For $n = 0$, $\mathbb{P}^n(\mathbb{C})$ is the one-point set. Hence, all its homotopy groups are the trivial group. The set of path components $\pi_0$ is a one-point set and can be considered the trivial group.

Case $n = 1$

For $n = 1$, $\mathbb{P}^1(\mathbb{C}) \cong S^2$ (a homeomorphism), i.e., it is the 2-sphere. Its homotopy groups are hence the same as those of the 2-sphere. Specifically, they are as follows:

• $\pi_0(\mathbb{P}^1(\mathbb{C}))$ is a one-point set.
• $\pi_1(\mathbb{P}^1(\mathbb{C}))$ is the trivial group.
• $\pi_2(\mathbb{P}^1(\mathbb{C})) \cong \mathbb{Z}$, i.e., it is isomorphic to the group of integers, with the identity map being the generator.
• $\pi_3(\mathbb{P}^1(\mathbb{C})) \cong \mathbb{Z}$, i.e., it is isomorphic to the group of integers, with the map being the Hopf fibration.
• $\pi_4(\mathbb{P}^1(\mathbb{C})) \cong \mathbb{Z}/2\mathbb{Z}$.

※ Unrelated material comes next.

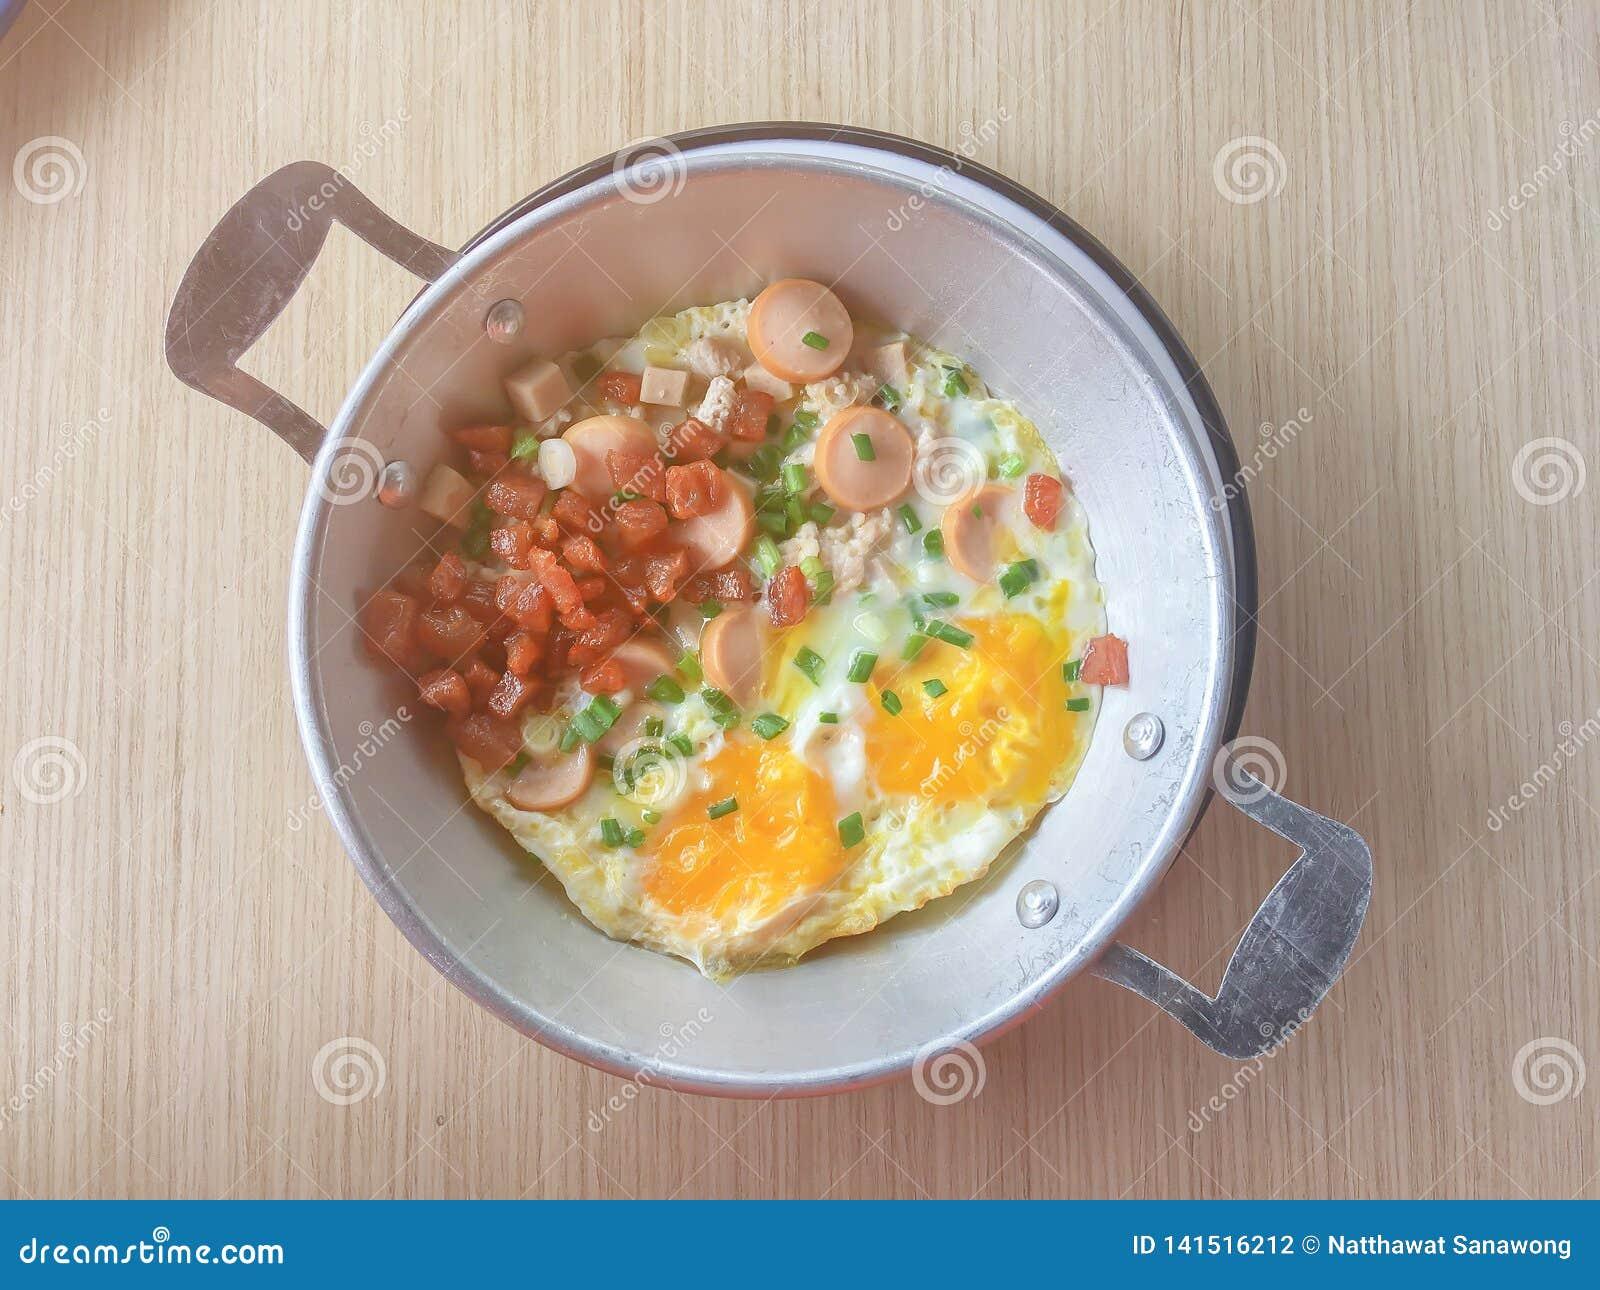 英式早餐包括荷包蛋、豆、烟肉和装饰品与芬芳
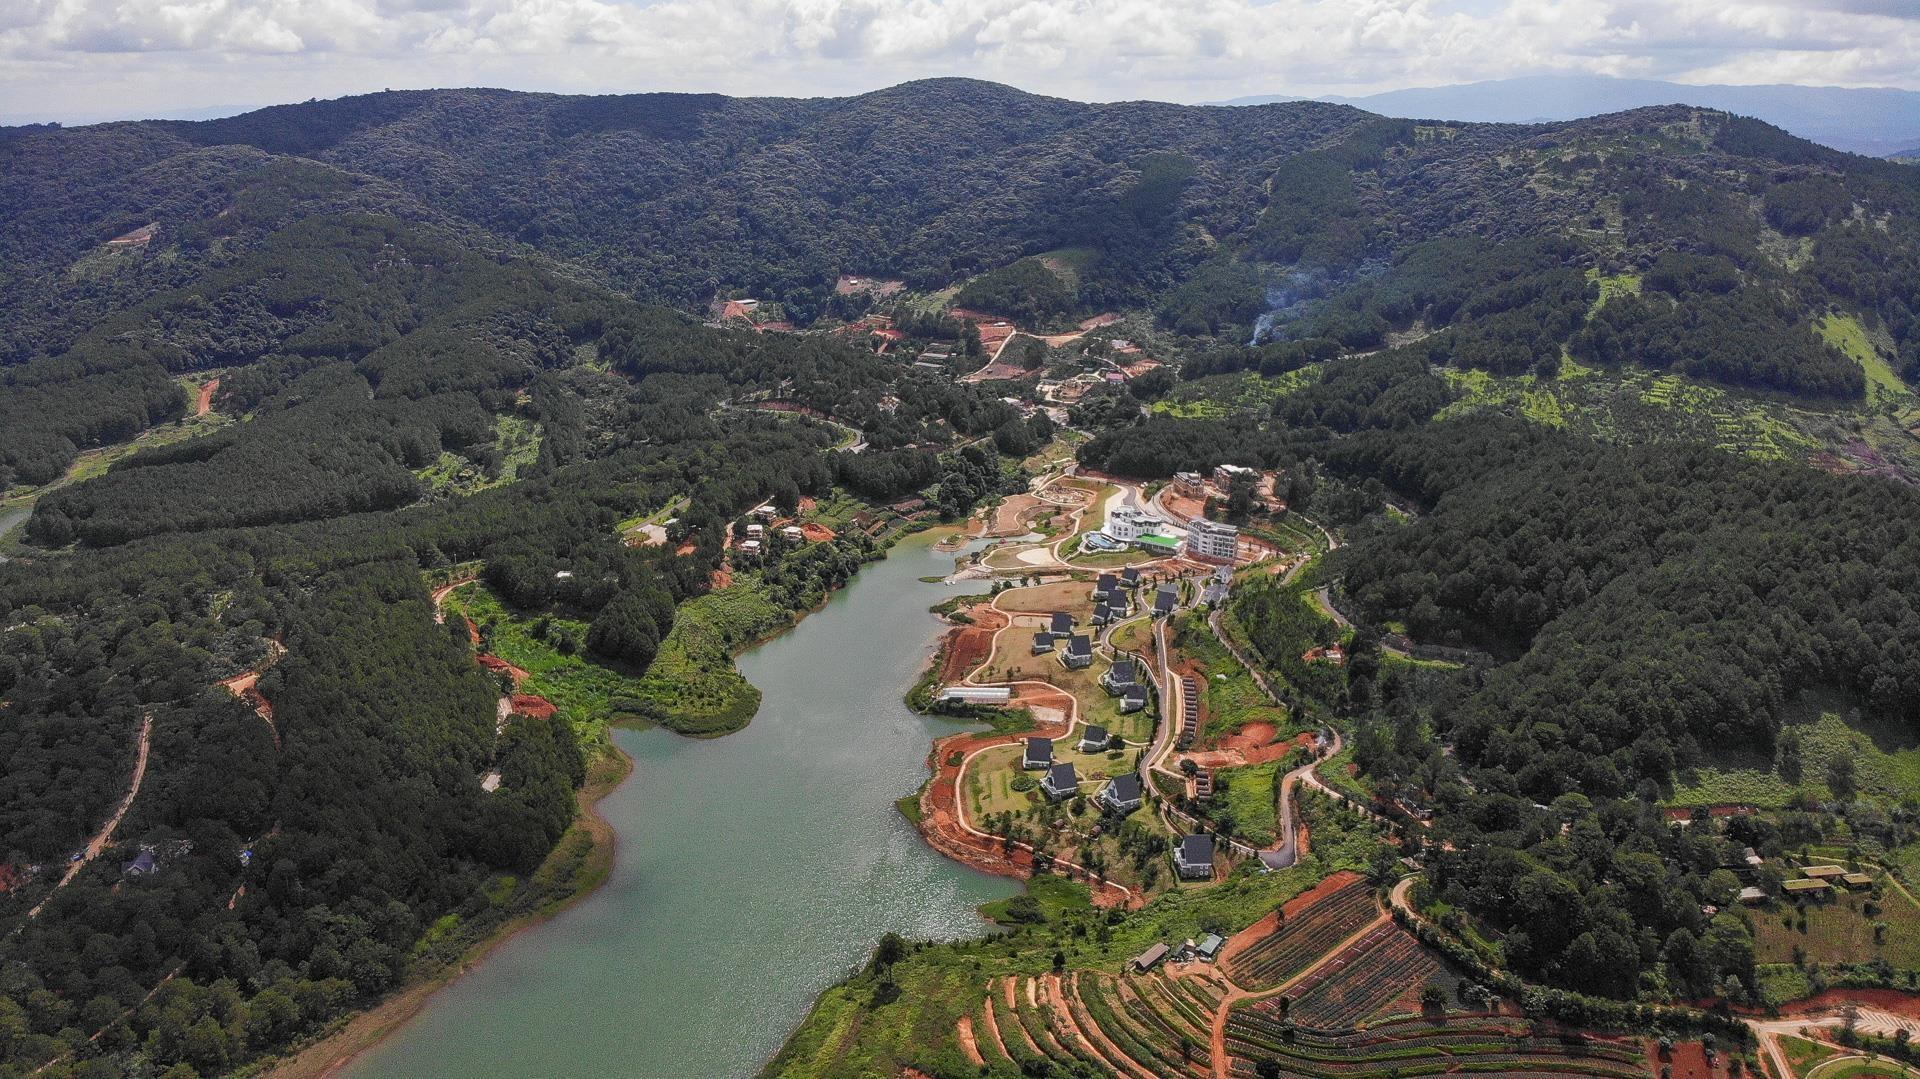 Nhiều dự án bất động sản sai phạm 'bao vây' hồ Tuyền Lâm ở Đà Lạt - Ảnh 2.

Higher homotopy groups are the same as those of the 2-sphere.

Case of higher $n$

For this case, we use the fiber bundle of sphere over projective space $S^{2n + 1} \to \mathbb{P}^n(\mathbb{C})$ with fiber $S^1$. We get the following long exact sequence of homotopy of a Serre fibration:

$\dots \to \pi_k(S^1) \to \pi_k(S^{2n + 1}) \to \pi_k(\mathbb{P}^n(\mathbb{C})) \to \pi_{k-1}(S^1) \to \dots$

For $k \ge 2$, $\pi_k(S^1)$ is trivial. Thus we get the following:

• Case $k = 0$: $\pi_0(\mathbb{P}^n(\mathbb{C}))$ is a one-point space.
• Case $k = 1$: We get $\pi_1(\mathbb{P}^n(\mathbb{C}))$ is trivial.
• Case $k = 2$: We get $\pi_2(\mathbb{P}^n(\mathbb{C})) \cong \mathbb{Z}$..
• Case $2 < k < 2n + 1$: We get that $\pi_k(\mathbb{P}^n(\mathbb{C}))$ is the trivial group.
• Case $k = 2n + 1$: We get that $\pi_{2n+1}(\mathbb{P}^n(\mathbb{C})) \cong \mathbb{Z}$.
• Case $2n + 1 < k, k \ne 4n + 1$: We get that $\pi_k(\mathbb{P}^n(\mathbb{C})) \cong \pi_k(S^{2n + 1})$.